Pass the same HNSWConfig (including the same distance metric) that was used when building the index — a RuntimeException is thrown on mismatch.

use PHPVector\VectorDatabase;

$db = VectorDatabase::open('/var/data/mydb');

// All three search modes work immediately.
$results = $db->vectorSearch(vector: $queryVector, k: 5);
$results = $db->textSearch(query: 'nearest neighbour', k: 5);
$results = $db->hybridSearch(vector: $queryVector, text: 'nearest neighbour', k: 5);

Custom configuration on open

use PHPVector\BM25\Config as BM25Config;
use PHPVector\Distance;
use PHPVector\HNSW\Config as HNSWConfig;
use PHPVector\VectorDatabase;

$db = VectorDatabase::open(
    path:       '/var/data/mydb',
    hnswConfig: new HNSWConfig(
        M:        16,
        efSearch: 100,
        distance: Distance::Euclidean,  // must match the value used on save()
    ),
    bm25Config: new BM25Config(k1: 1.2, b: 0.8),
    tokenizer:  new MyCustomTokenizer(),
);

Note: Only efSearch and bm25Config/tokenizer affect query-time behaviour and can differ from build time. distance and the graph parameters (M, efConstruction) are fixed at build time — distance is validated on open() and must match.

Incremental updates

You can add new documents to a database that was loaded from disk, then call save() again. The existing document files are left in place; only the new ones are written along with updated index files.
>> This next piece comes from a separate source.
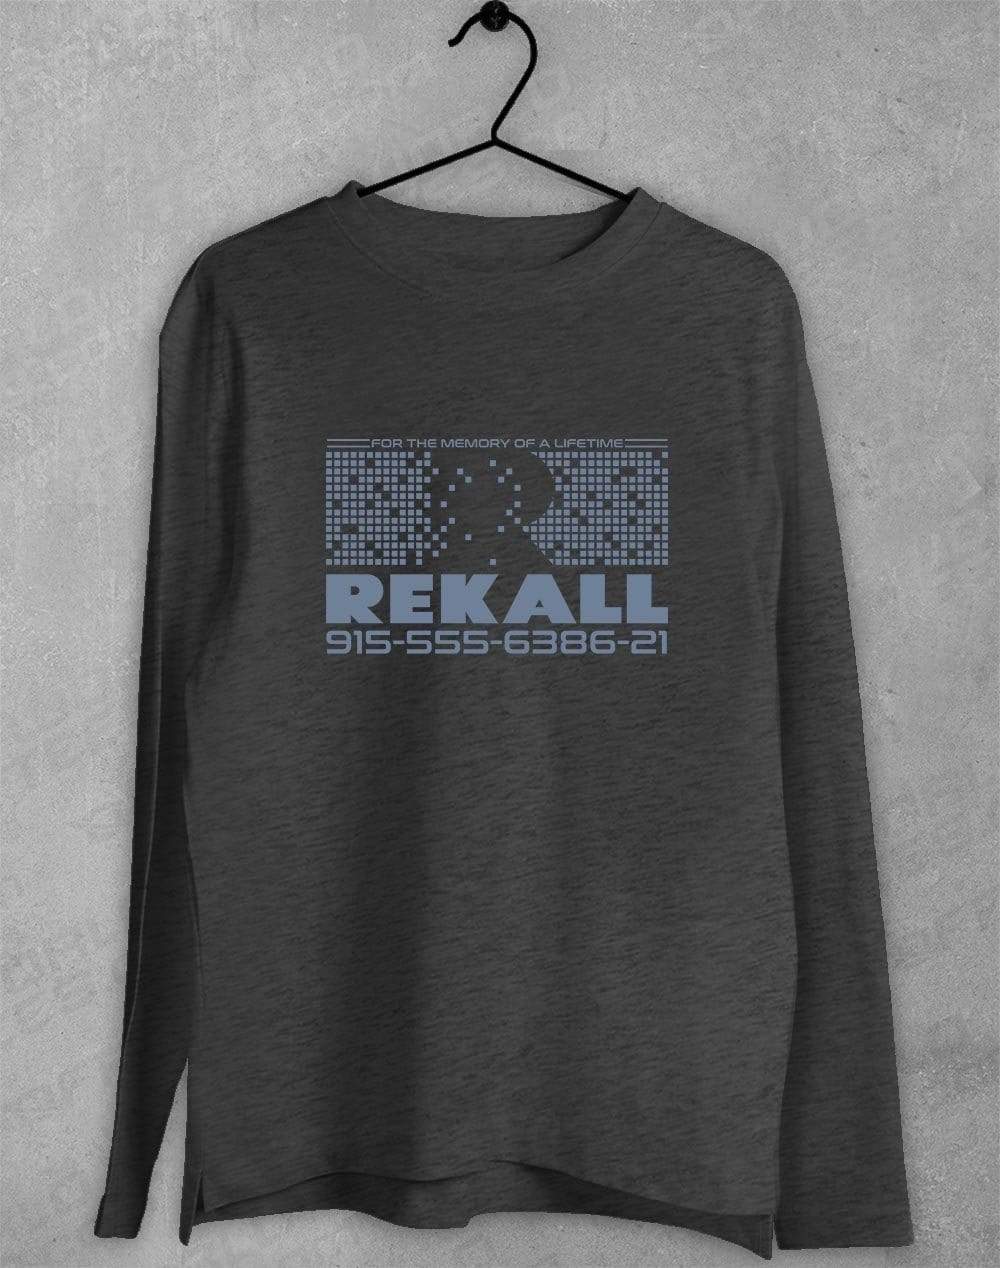 Rekall Long Sleeve T-Shirt S / Dark Heather  - Off World Tees

$db = VectorDatabase::open('/var/data/mydb');
$db->addDocument(new Document(vector: [0.55, 0.42, 0.71], text: 'New document'));
$db->save(); // writes docs/N.bin + updated hnsw.bin, bm25.bin, meta.json

Typical workflow: build once, serve many

// build.php — run once (or nightly)
$db = new VectorDatabase(
    hnswConfig: new HNSWConfig(M: 32, efConstruction: 400),
    path: '/var/data/mydb',
);
foreach (fetchDocumentsFromDatabase() as $doc) {
    $db->addDocument($doc);
}
$db->save();

// serve.php — loaded on every request or worker boot
$db = VectorDatabase::open('/var/data/mydb', new HNSWConfig(M: 32));
$results = $db->vectorSearch($queryVector, k: 10);

Multi-language stop words

Stop words are provided via StopWordsProviderInterface. Built-in providers:

use PHPVector\BM25\SimpleTokenizer;
use PHPVector\BM25\StopWords\EnglishStopWords;
use PHPVector\BM25\StopWords\ItalianStopWords;
use PHPVector\BM25\StopWords\FileStopWords;
use PHPVector\VectorDatabase;

// English (default)
$db = new VectorDatabase();

// Italian
$db = new VectorDatabase(
    tokenizer: new SimpleTokenizer(new ItalianStopWords()),
);

// Load from file (one word per line, # for comments)
$db = new VectorDatabase(
    tokenizer: new SimpleTokenizer(new FileStopWords('/path/to/stopwords.txt')),
);

### Stop words file format (`FileStopWords`)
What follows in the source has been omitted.